Long-term abstinence and predictors of tobacco treatment uptake among hospitalized smokers with serious mental illness enrolled in a smoking cessation trial

Erin S. Rogers, Rebecca Friedes, Annika Jakes, Ellie Grossman, Alissa Link, Scott E. Sherman

Research output: Contribution to journalArticle

Abstract

Hospital patients with serious mental illness (SMI) have high rates of smoking. There are few post-discharge treatment models available for this population and limited research on their treatment uptake following discharge. This study is a secondary analysis of an RCT that compared multi-session intensive telephone counseling versus referral to state quitline counseling at two safety net hospitals in New York City. For this analysis, we selected all trial participants with a history of schizophrenia, schizoaffective disorder or bipolar disorder (N = 384) and used multivariable logistic regression to compare groups on self-reported 30-day abstinence at 6 months and to identify patient factors associated with use of tobacco treatment. Analyses found no significant group differences in abstinence 6 months (28% quitline vs. 29% intervention, p > 0.05), use of cessation medications (42% quitline vs. 47% intervention, p > 0.05) or receipt of at least one counseling call (47% quitline vs. 42% intervention, p > 0.05).
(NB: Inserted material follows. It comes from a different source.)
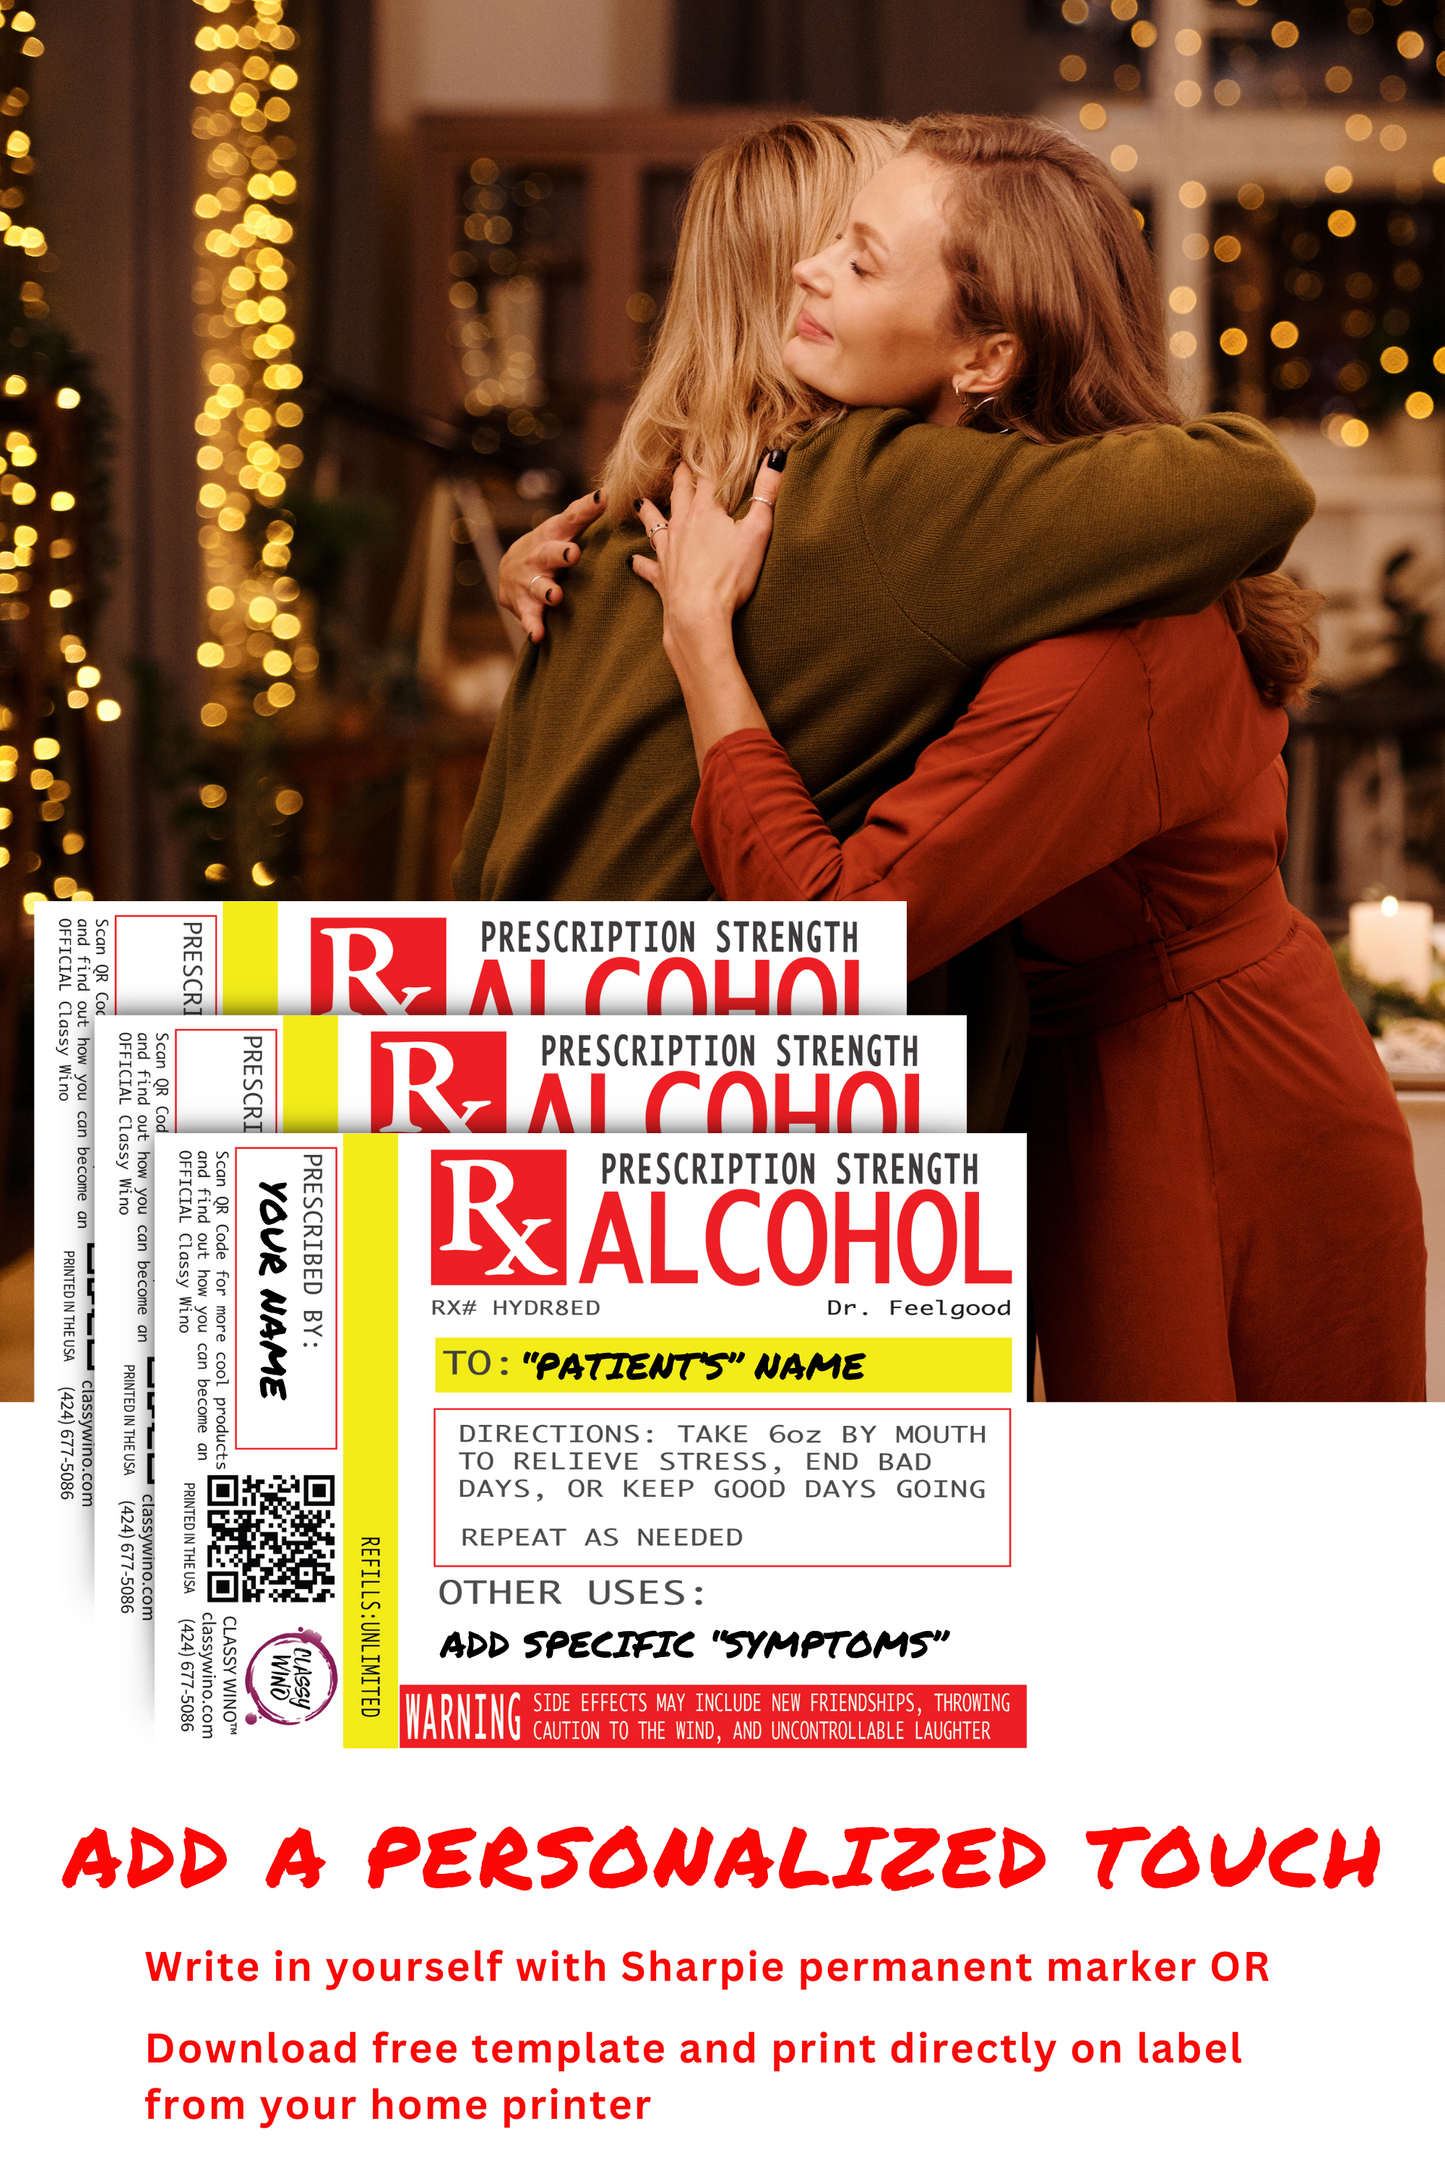 Funny Gag Prescription Label for Alcohol & Wine Bottles - Use A Personalized Removable Sticker for Vodka, Tequila, or Whiskey Bottle Not A Boring Wine Gift Bag - Drinking Accessories for Men & Women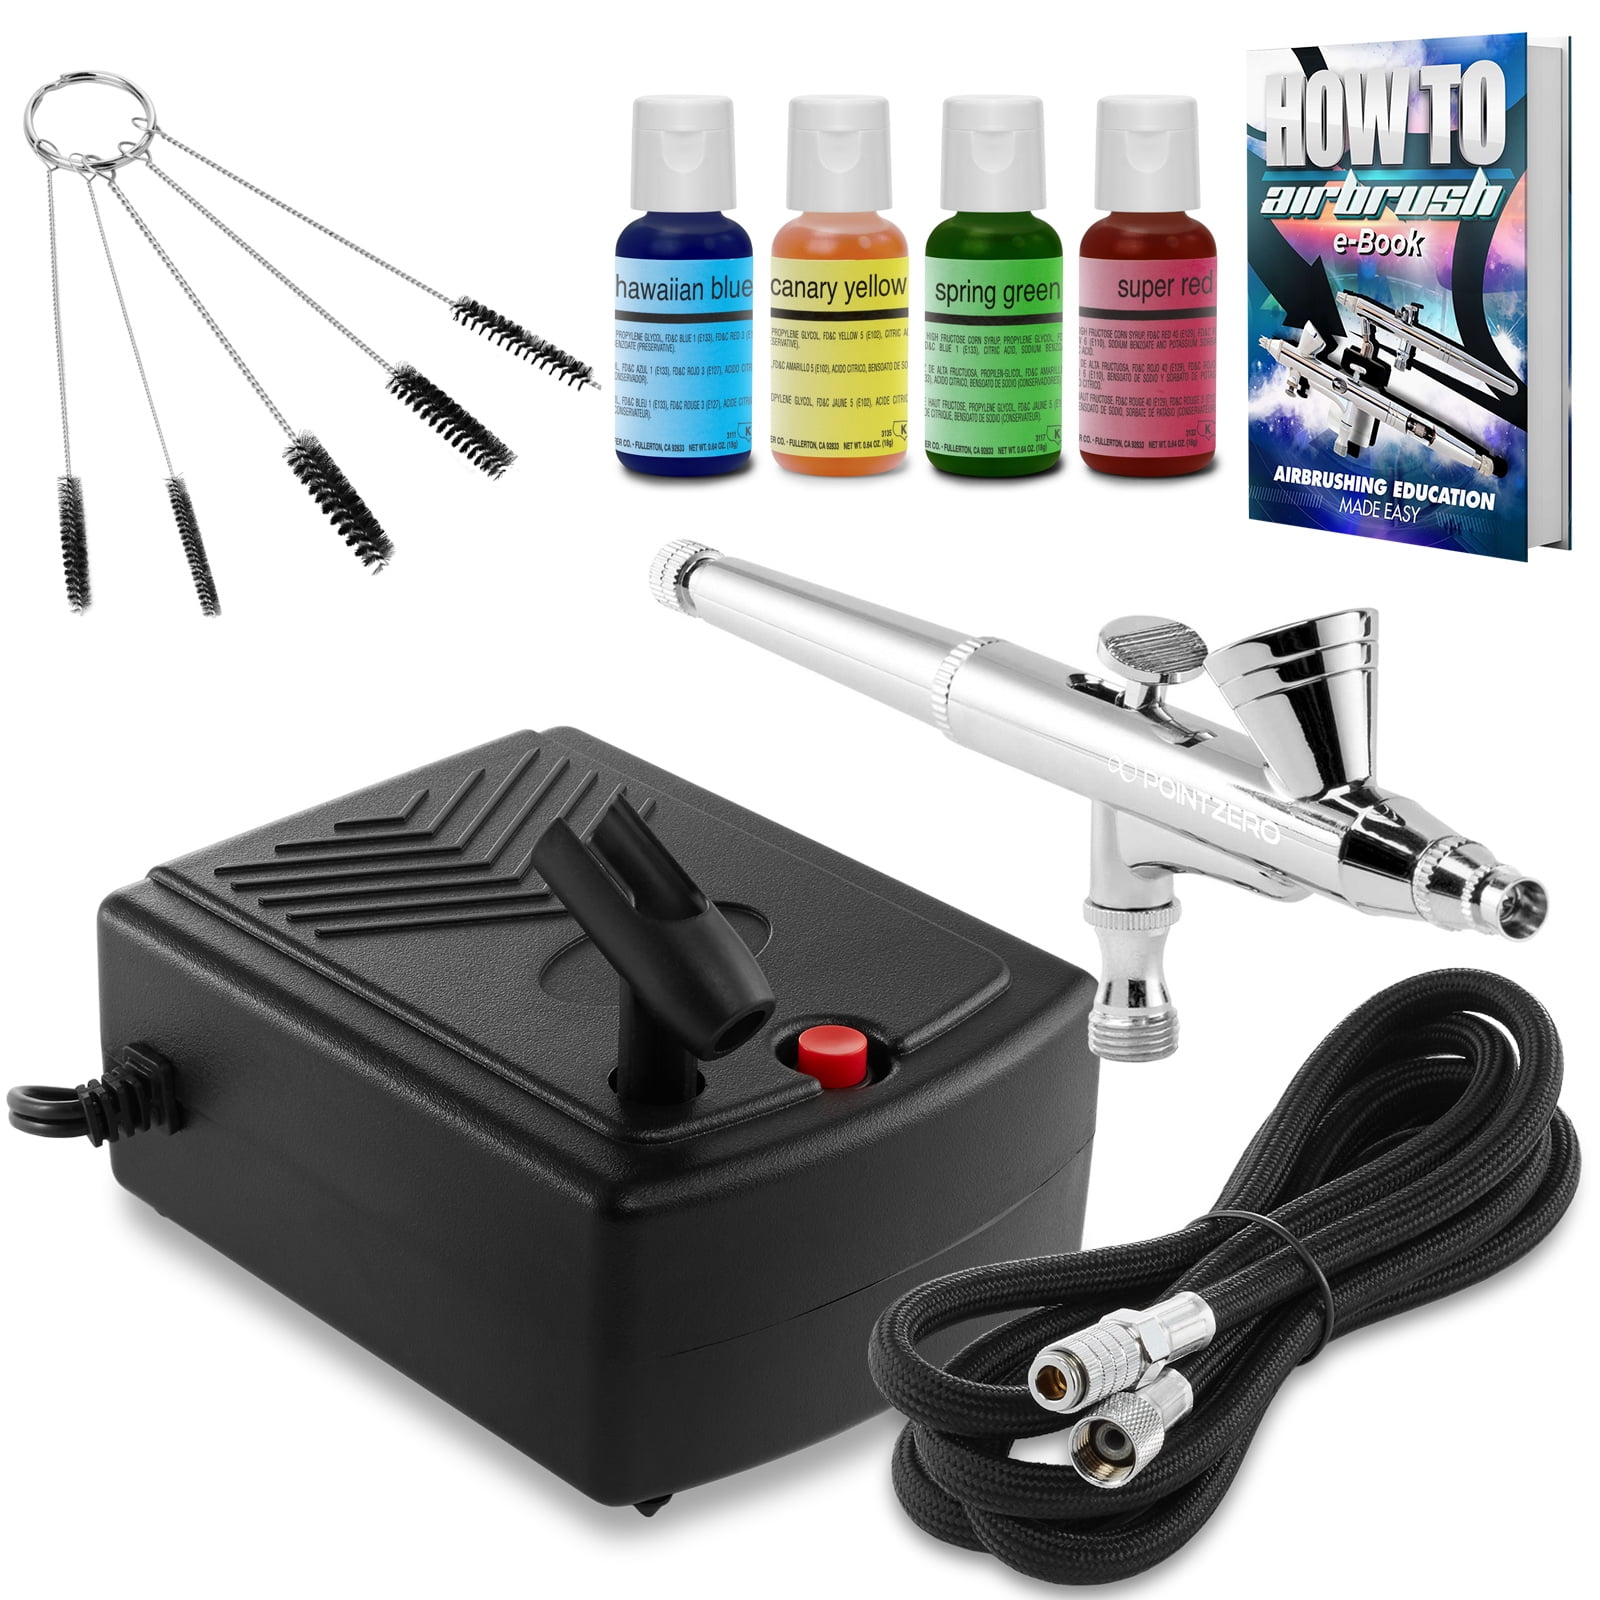 Cake Airbrush Decorating Kit - 3 Airbrushes, Compressor & Paint, 9 x 9 -  King Soopers

Patients with hazardous drinking (p = 0.04) or perceived good health (p = 0.03) were less likely to use cessation medications. Homeless patients were less likely to use counseling (p = 0.02). Most patients did not use cessation treatment after discharge, and the intensive intervention did not improve abstinence rates over quitline referral. Interventions are needed to improve use of cessation treatment and long-term abstinence in patients with SMI.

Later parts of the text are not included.